The prudent self-funding litigant test
The prudent self-funding litigant test
The person seeking a grant of assistance must give enough information to their lawyer (if any) and to Victoria Legal Aid (VLA) to satisfy VLA that a prudent, self-funding litigant (that is, one with limited financial resources) would risk their own finances in paying for the proposed action, application, defence or response for which they seek the grant.
By this test, the Commonwealth aims to put assisted people into a position equal to, but not better than, people ‘without deep pockets’ (that is, with limited financial resources) who risk their own money in litigation.
A person ‘without deep pockets’ in a family law matter
In a family law matter, a person ‘without deep pockets’ specifically means a person who either:
- can access funding of no more than $15,510 (including GST)
- in limited circumstances, may be able to access further funding beyond the ‘ceiling’ of $15,510.
Because costs orders are not routinely made in the family law jurisdiction, the element of ‘risk’ may not apply to many cases. The more relevant question may be whether a prudent litigant would use their own funds for the proposed proceeding.

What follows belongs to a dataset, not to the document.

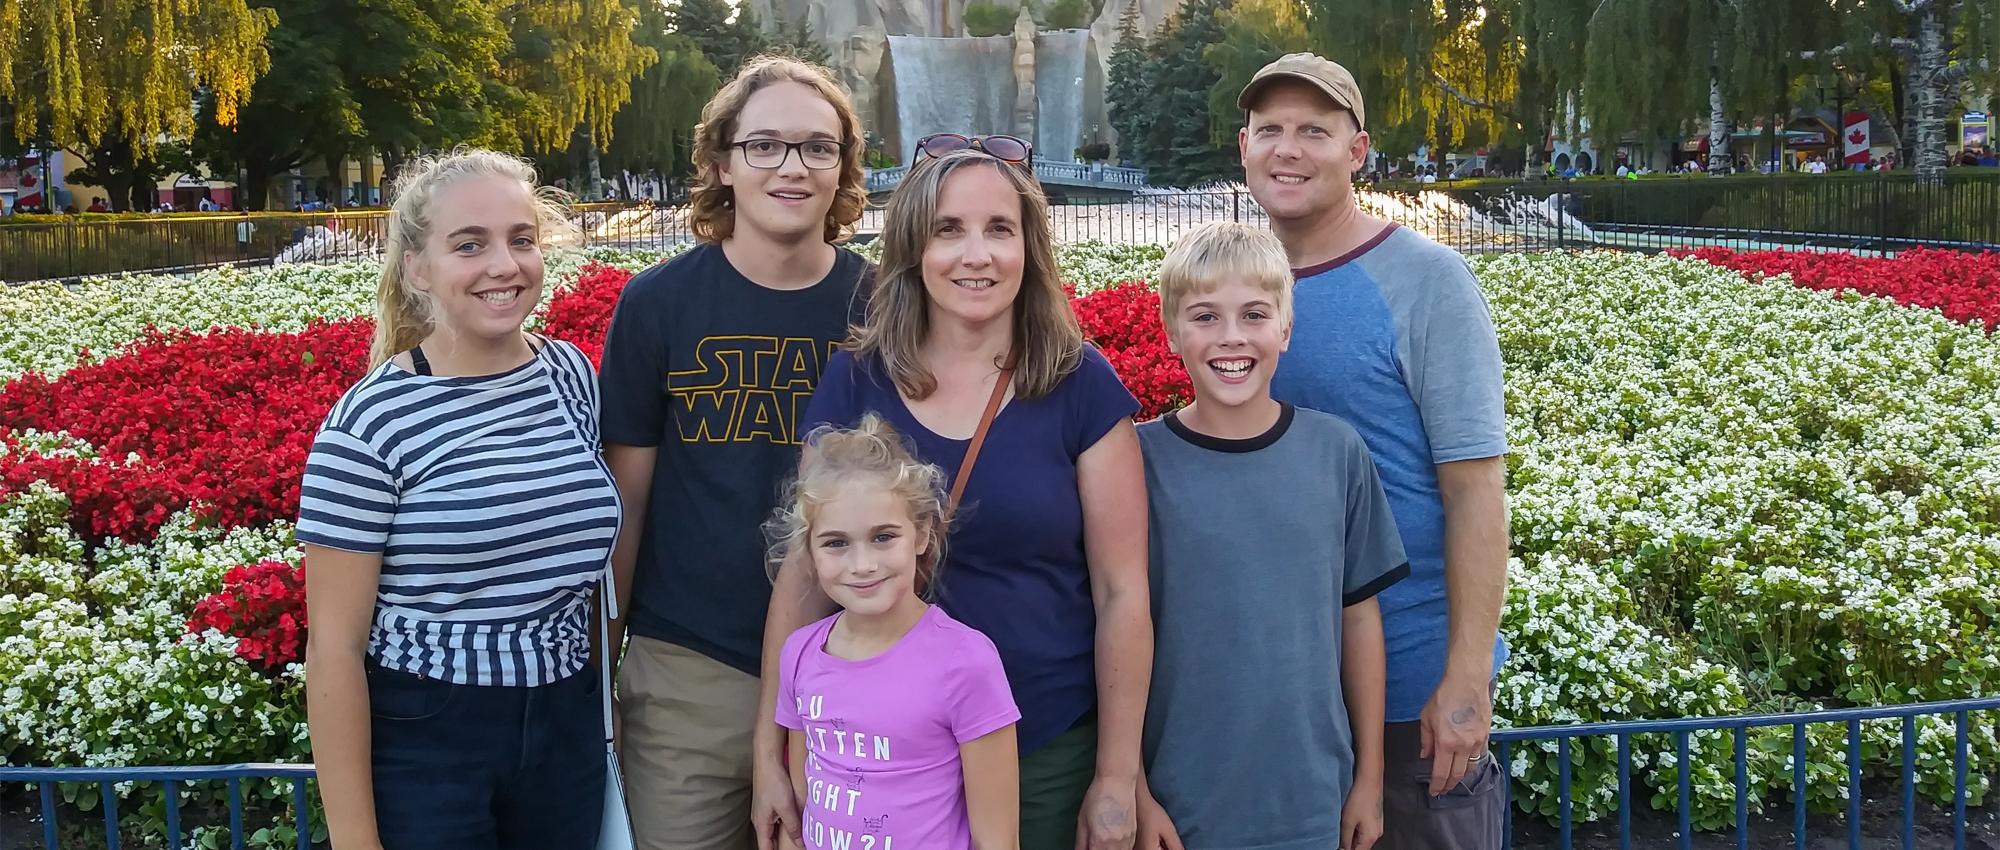 Featured Image of Scott Norton and Nadine Norton with their children and Elsa Norton standing in front of garden of flowers at the amusement park

The test requires the person’s lawyer to prioritise the use of the limited funds available.
Access to funding beyond the cost ceiling
Under Commonwealth family law guidelines, if VLA considers that a person seeking a grant of assistance for a family law matter, or a child who is the subject of an order for separate representation, would suffer undue hardship, then VLA may increase the cost ceiling.
In deciding whether to increase the cost ceiling, VLA must consider:
- whether the person seeking the grant has incurred significant additional costs because of any of the Commonwealth’s special circumstances
- whether it would be unreasonable to expect the person seeking the grant of assistance to represent themselves adequately because of any of the Commonwealth’s special circumstances
- whether the costs of the person seeking the grant of assistance have increased significantly through no fault of their own
- the number and the complexity of the issues in dispute
- whether a child’s safety or welfare is likely to be at risk
- whether the person seeking the grant is an independent children’s lawyer
- whether it is possible to contain costs by providing in-house legal services or by another appropriate means of funding (for example, negotiating a fee package which is outside VLA’s usual fee scales with a private lawyer).
Specific family law examples
- A father has interim orders for his child to spend time with him for 24 hours per fortnight. The court counsellor recommends the time be increased to 48 hours per fortnight. The final hearing is listed in eight weeks’ time. There is only $3500 left under the family law cost ceiling. It will cost about $3000 to prepare and run a one-day final hearing. It may not be prudent to issue proceedings to vary the interim orders at a cost of approximately $1600, However, it may be prudent to attempt to negotiate variation of the interim orders through a Victoria Legal Aid Family Dispute Resolution Service conference.
- A mother has interim orders for her 10 year old child to spend one weekend per month with her, after a long period without any contact with her child. The father has refused to make the child available to spend time with the mother for the first three scheduled periods. The father is unrepresented and says that the child chose not to go. The final hearing is likely to be listed in eight months. There is $8500 left under the family law cost ceiling. The mother’s application for final orders may not succeed unless she can establish a history of successful time spent with her by the child. It may be prudent for the mother to attempt primary dispute resolution through the Victoria Legal Aid Family Dispute Resolution Service.